Purbaya menyebutkan pihaknya akan melihat terlebih dahulu kondisi ekonomi hingga akhir tahun ini. Untuk saat ini, Purbaya masih belum dapat memperkirakan kinerja ekonomi Indonesia hingga akhir Desember 2025.
“Nanti akan kita lihat, bisa tidak kita turunkan PPN. Itu untuk mendorong daya beli masyarakat nanti ke depan.
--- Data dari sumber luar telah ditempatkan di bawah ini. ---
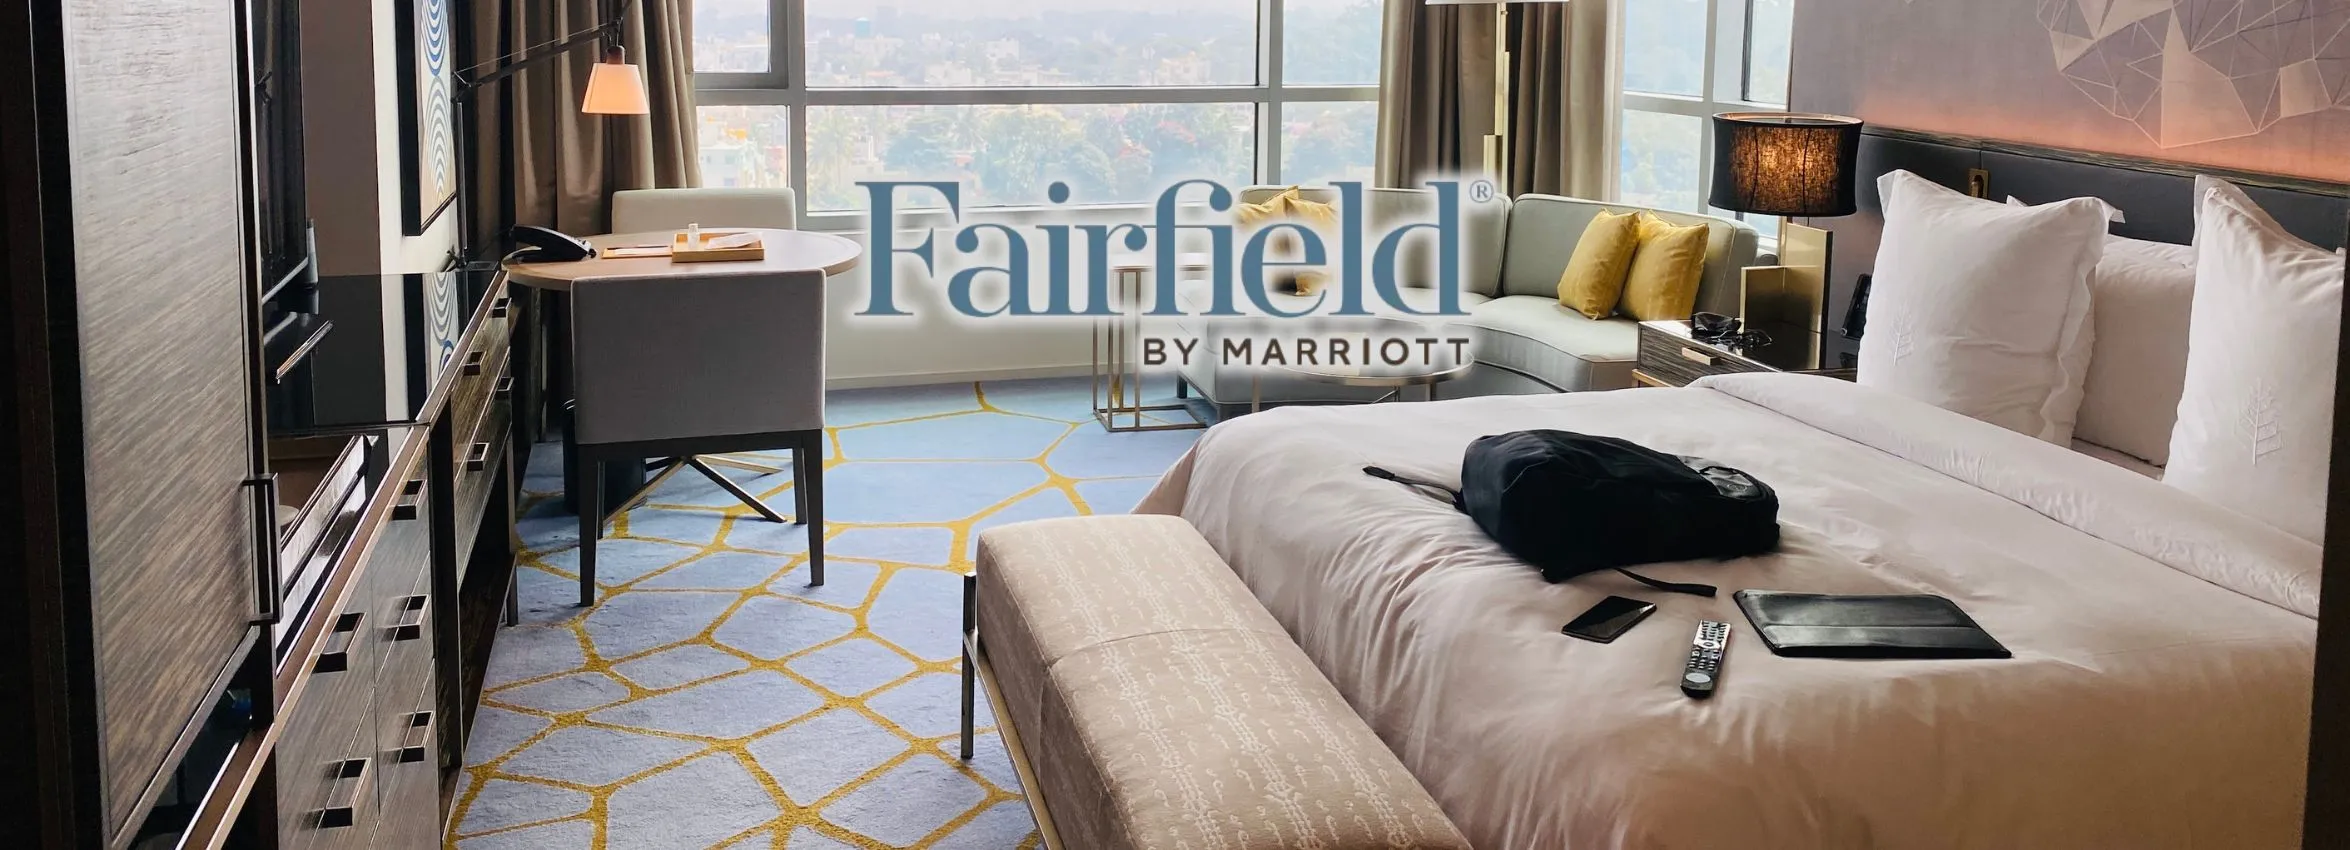 Fairfield-by-Marriott_Desktop_ET-
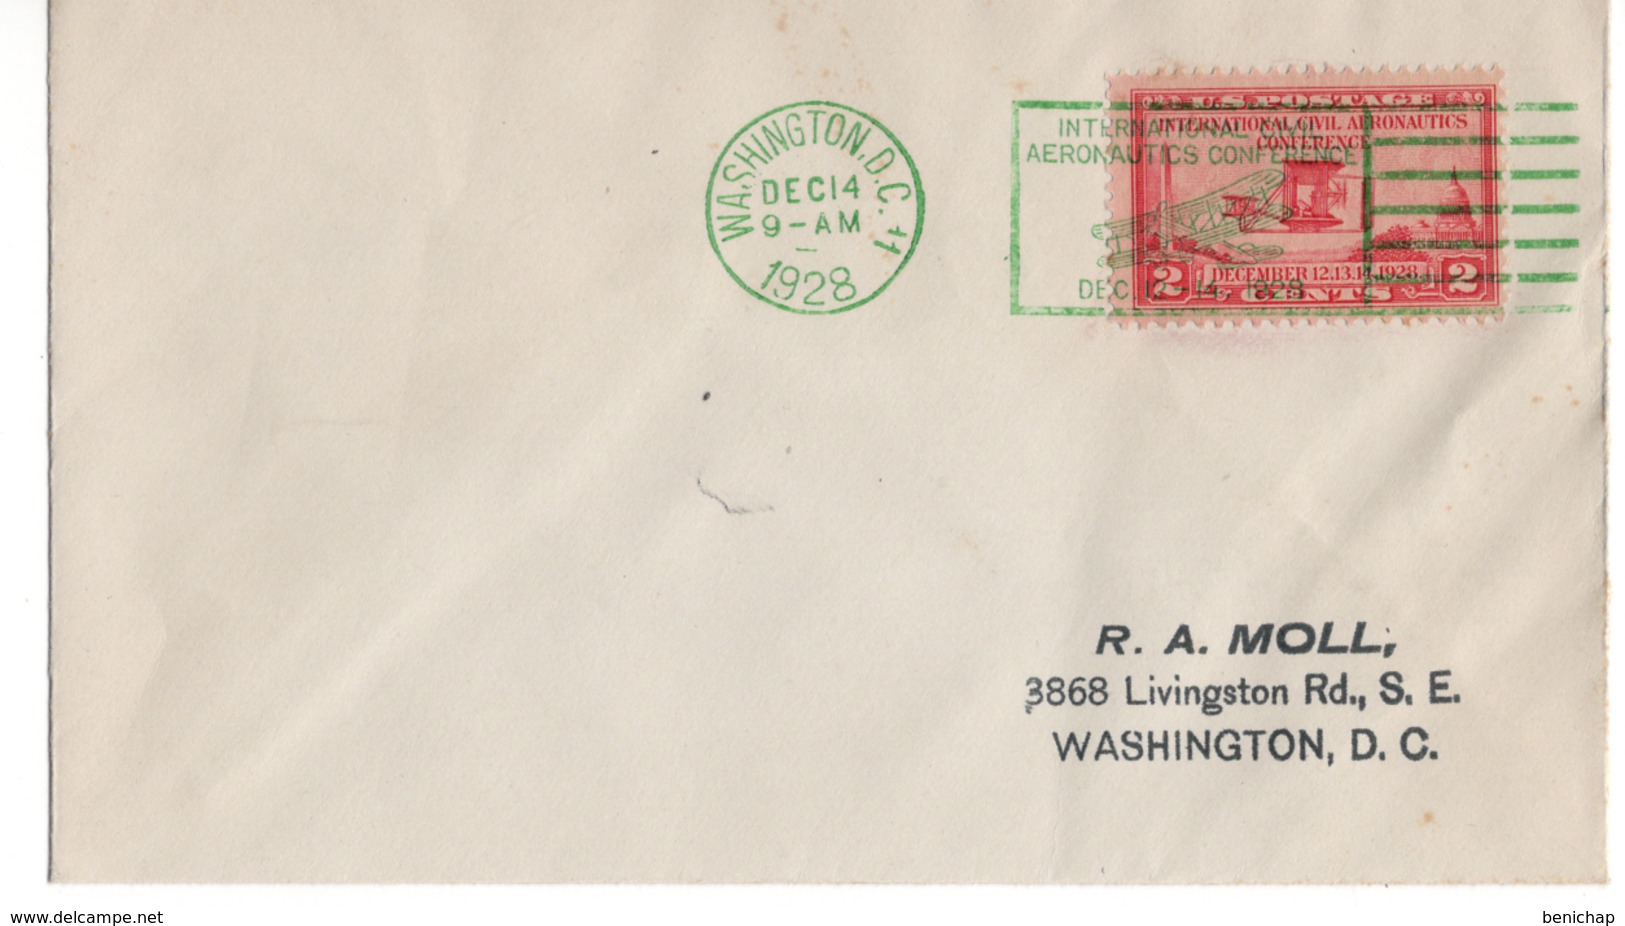 (R8) SCOTT 649 - AERONAUTICS CONFERENCE ISSUE - WRIGHT AIRPLANE - WASHINGTON D.C. - 1928 - GREEN CANCELLATION. - Schmuck-FDC

Tapi kita pelajari dulu hati-hati,” kata Purbaya dalam konferensi pers APBN Kita Oktober 2025 di kantor Kemenkeu, Jakarta, Selasa (14/10/2025).
Selain itu, Purbaya mengatakan 1 tahun pemerintahan sudah mulai memperlihatkan perbaikan dari sisi konsumsi masyarakat per September 2025. Berdasarkan data Bank Indonesia, proporsi pengeluaran masyarakat untuk konsumsi meningkat sebesar 75,1% secara tahunan (yoy), atau naik sekitar 1% dari bulan sebelumnya sebesar 74,8%.
“Sekarang kita mulai inject ke sistem uangnya. September, Oktober, November, Desember, itu ada dampak dari kebijakan tadi. Kalau kita lihat seharusnya ada,” ujar Purbaya.
Dengan stimulus yang diberikan pemerintah, Purbaya optimistis pertumbuhan ekonomi Indonesia akan berada di angka 5,5%. Beberapa upaya akan dilakukan oleh pemerintah untuk mengejar pertumbuhan tersebut. Salah satunya melalui pemberian stimulus ekonomi.
“Kalau stimulus tambahan yang akan diumumkan nanti itu bisa 5,6-5,7% atau lebih sedikit di triwulan ke-4. Harusnya arah ekonomi akan lebih bagus. Kalau itu terjadi, momentum pertumbuhan itu akan kita jaga terus tahun depan. Jadi kita sudah bergerak ke arah yang lebih bagus,” ujar Purbaya.